A double-blind design ensures that both participants and the researchers who have contact with them are unaware of which individuals are in the experimental or control group. This reduces expectancy effects, such as participants changing behaviour because they think they are receiving a special treatment, and experimenter bias, where researchers unintentionally influence outcomes. By keeping group assignment concealed from both parties, the design enhances the credibility of observed differences. Therefore, the arrangement described in the stem is correctly called double-blind.
Option A:
Single-blind designs keep group assignment hidden from participants but not from researchers, so experimenter expectations can still influence data collection or interpretation.
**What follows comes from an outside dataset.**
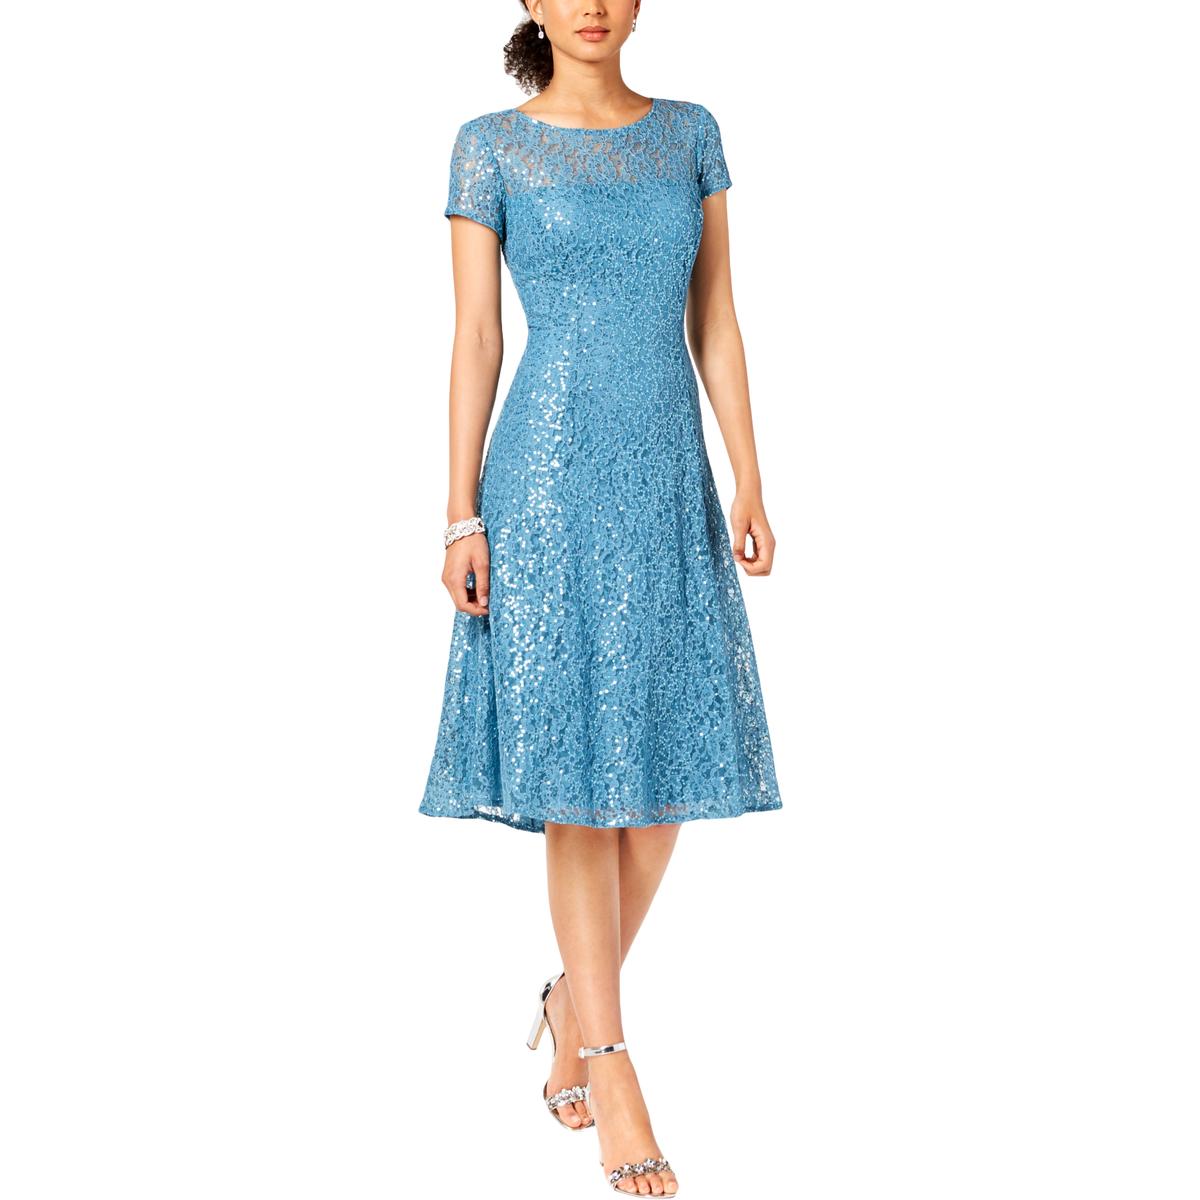 SLNY Womens Blue Lace Sequined Party Midi Dress 2 BHFO 0045 | eBay

This makes single-blind less effective than double-blind in controlling expectancy effects, so it does not fully match the stem.
Option B:
Open-label studies are those in which both participants and researchers know who receives the treatment, making them vulnerable to numerous biases. They are not designed to control expectancy effects and therefore are not an appropriate completion.
Option C:
Option C, double-blind, is widely used in clinical trials and psychological experiments to address both participant and experimenter expectations simultaneously. This dual masking corresponds exactly to the description in the question, making it the correct option.
Option D:
Matched-pairs designs pair participants based on similarity in key characteristics before assigning them to different conditions but do not inherently prevent either party from knowing group assignments. Thus, matched-pairs is not the right answer here.